In clinical trials, selection of appropriate study endpoints is critical for an accurate and reliable evaluation of safety and effectiveness of a test treatment under investigation. In practice, however, there are usually multiple endpoints available for measurement of disease status and/or therapeutic effect of the test treatment under study. For example, in cancer clinical trials, overall survival, response rate, and/or time to disease progression are usually considered as primary clinical endpoints for evaluation of safety and effectiveness of the test treatment under investigation. Once the study endpoints have been selected, sample size required for achieving a desired power is then determined. It, however, should be noted that different study endpoints may result in different sample sizes. In practice, it is usually not clear which study endpoint can best inform the disease status and measure the treatment effect. Moreover, different study endpoints may not translate one another although they may be highly correlated one another. In this article, we intend to develop an innovative endpoint namely therapeutic index based on a utility function to combine and utilize information collected from all study endpoints. Statistical properties and performances of the proposed therapeutic index are evaluated theoretically. A numerical example concerning a cancer clinical trial is given to illustrate the use of the proposed therapeutic index.

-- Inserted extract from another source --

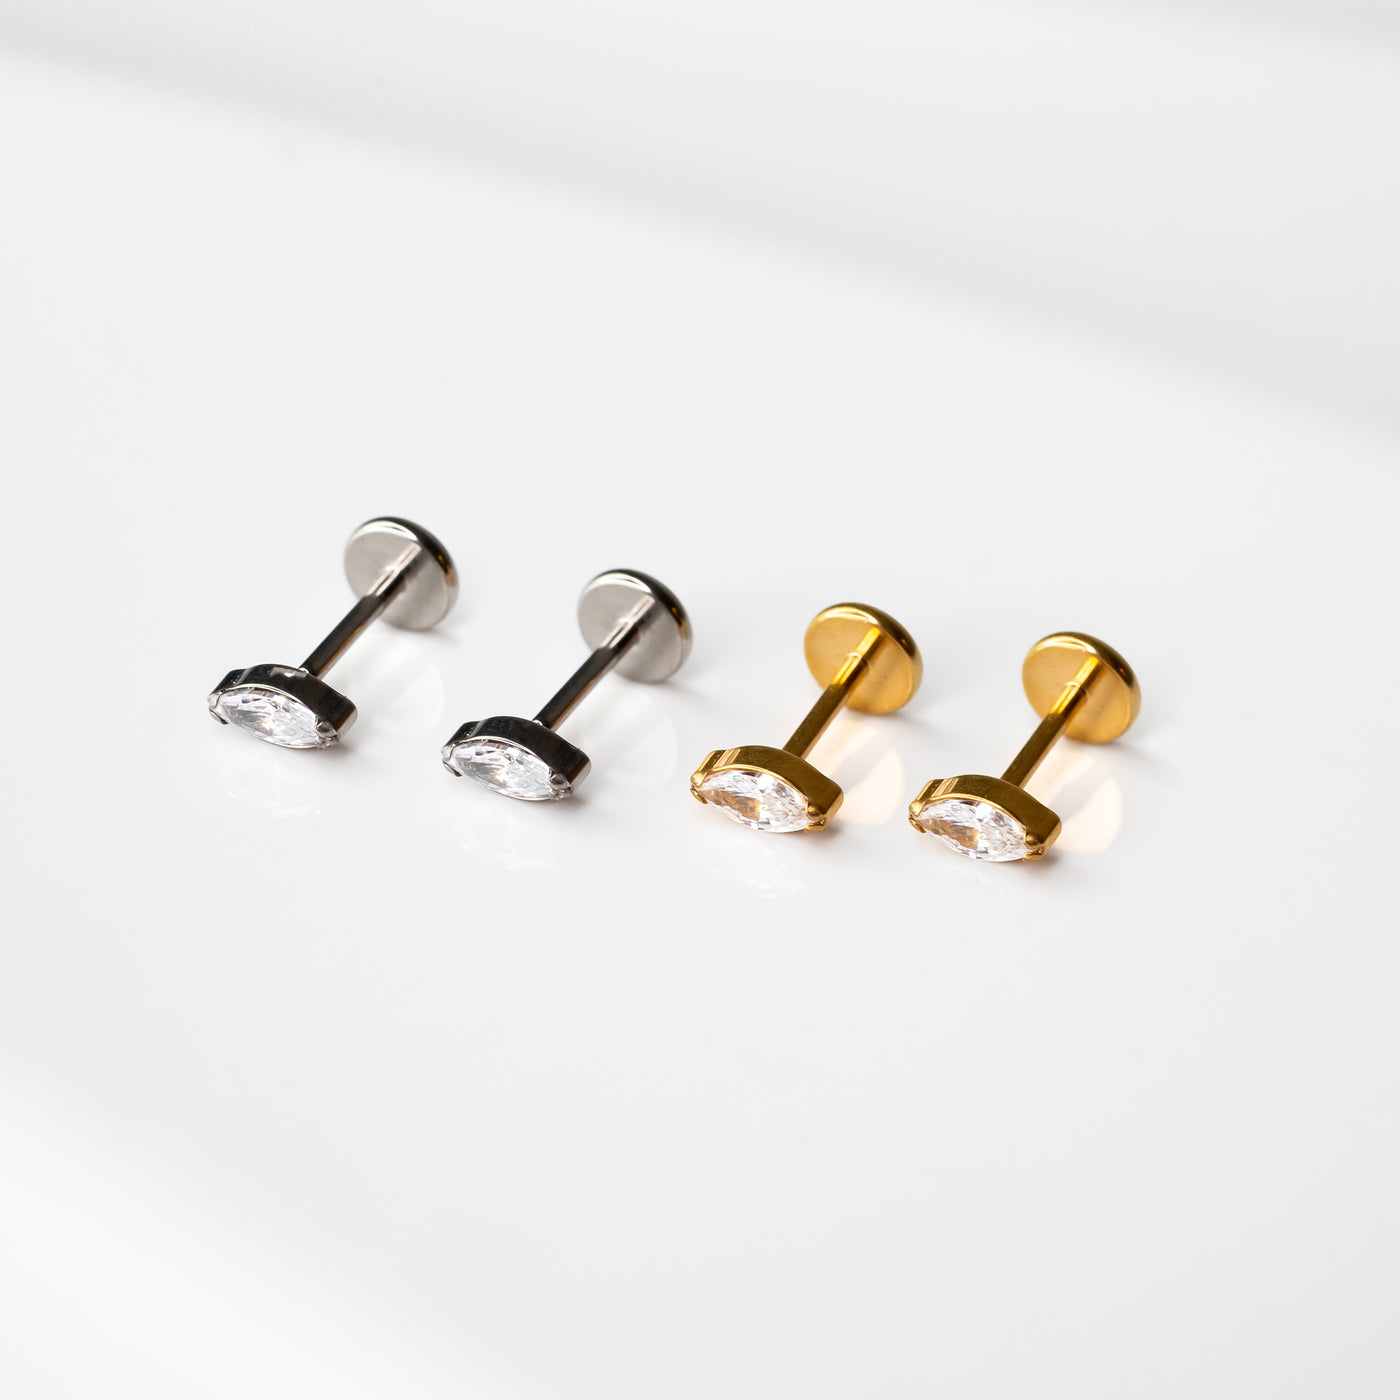 Heart Flat Back Sleeper Earrings - Grayling - Titanium - Hypoallergenic - 1/4 inch Length - 20ga - Waterproof Gold PVD Finish
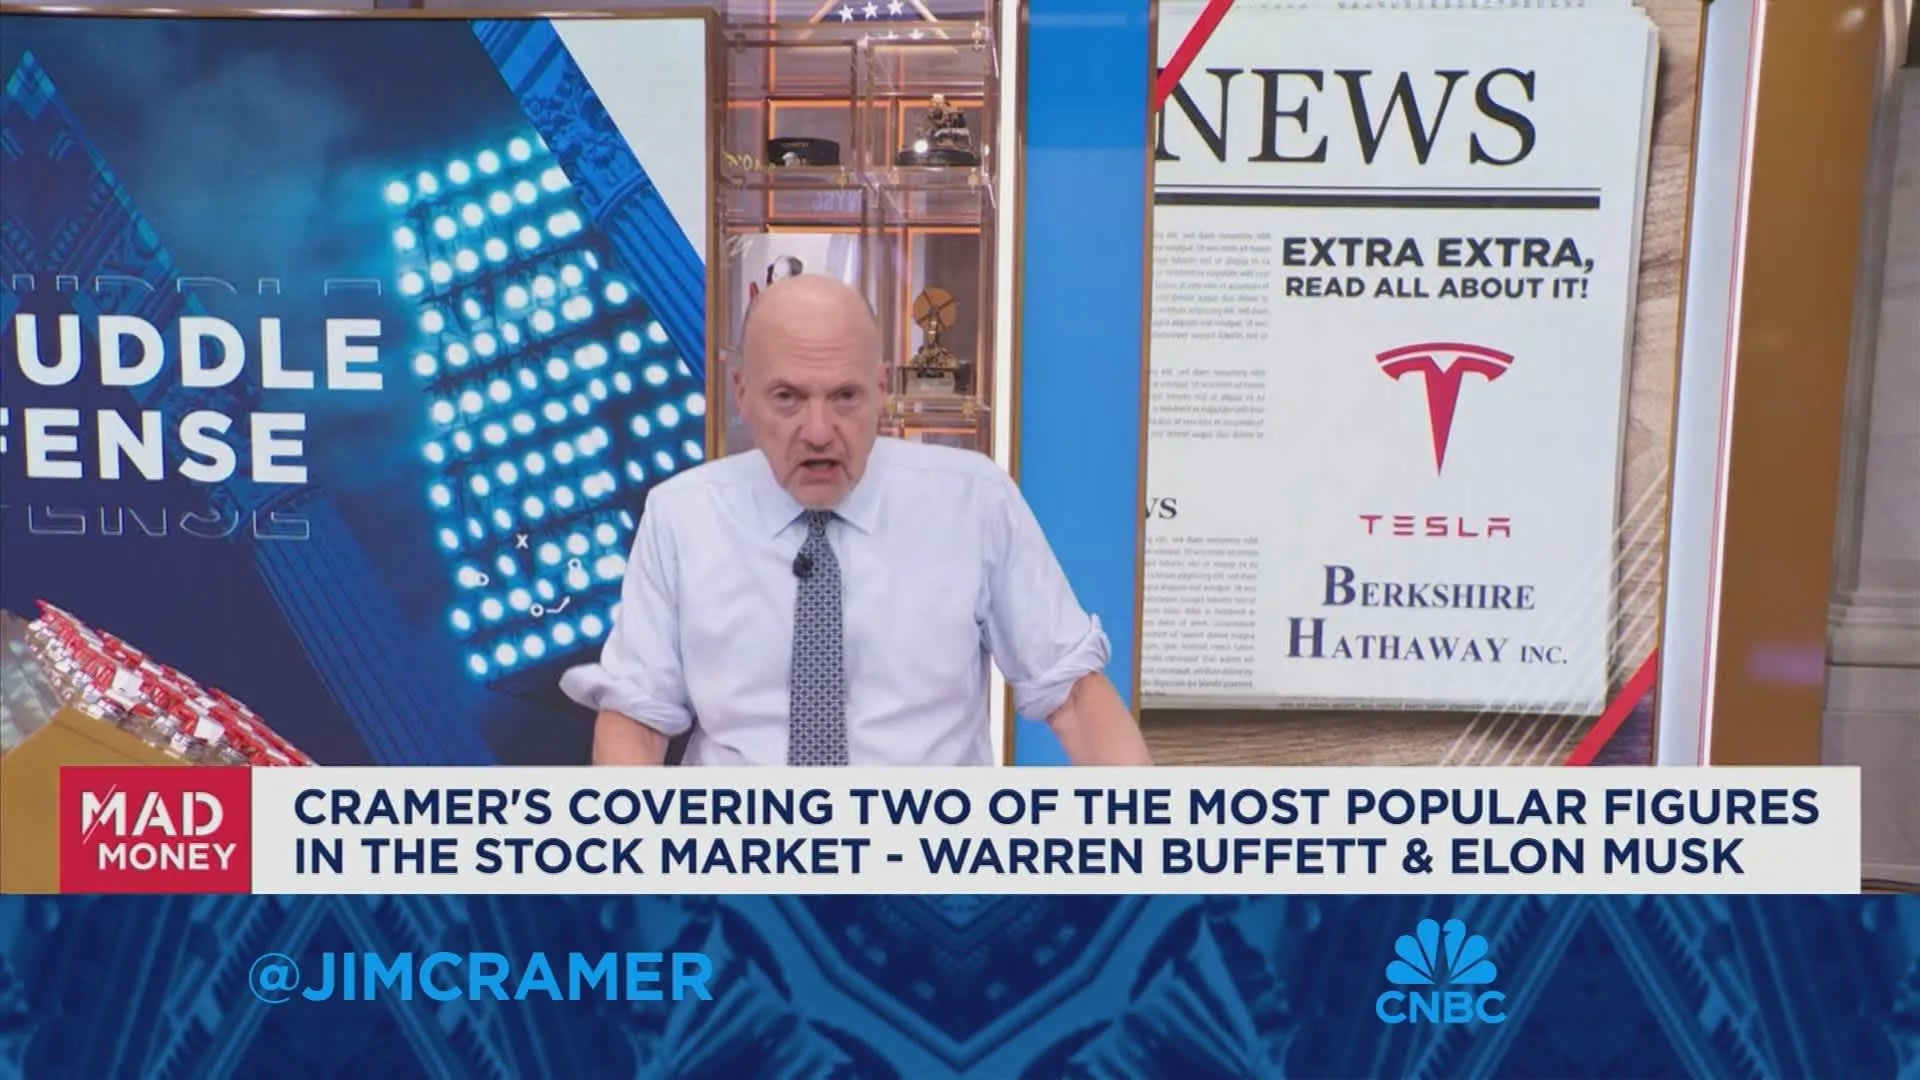 Cramer compares Warren Buffett and Elon Musk, says Wall Street has turned on Tesla CEO

在临床试验中，选择合适的研究终点对于准确可靠地评估所研究的治疗药物的安全性和有效性至关重要。然而，实际上，通常有多个终点可用于测量疾病状态和/或所研究测试疗法的治疗效果。例如，在癌症临床试验中，总体生存率，反应率和/或疾病进展时间通常被视为评估所研究测试治疗的安全性和有效性的主要临床终点。选择研究终点后，即可确定获得所需功效所需的样本量。但是，应注意，不同的研究终点可能会导致不同的样本量。在实践中，通常尚不清楚哪个研究终点能够最好地告知疾病状况并衡量治疗效果。此外，尽管不同的研究终点可能彼此高度相关，但它们可能不会彼此翻译。在本文中，我们打算开发一种创新的终点，即基于效用函数的治疗指数，以合并和利用从所有研究终点收集的信息。理论上评价了拟议治疗指标的统计性质和性能。给出了有关癌症临床试验的数值示例，以说明所提出的治疗指标的使用。我们打算开发一种创新的终点，即基于效用函数的治疗指标，以合并和利用从所有研究终点收集的信息。理论上评价了拟议治疗指标的统计性质和性能。给出了有关癌症临床试验的数值示例，以说明所提出的治疗指标的使用。我们打算开发一种创新的终点，即基于效用函数的治疗指标，以合并和利用从所有研究终点收集的信息。理论上评价了拟议治疗指标的统计性质和性能。给出了有关癌症临床试验的数值示例，以说明所提出的治疗指标的使用。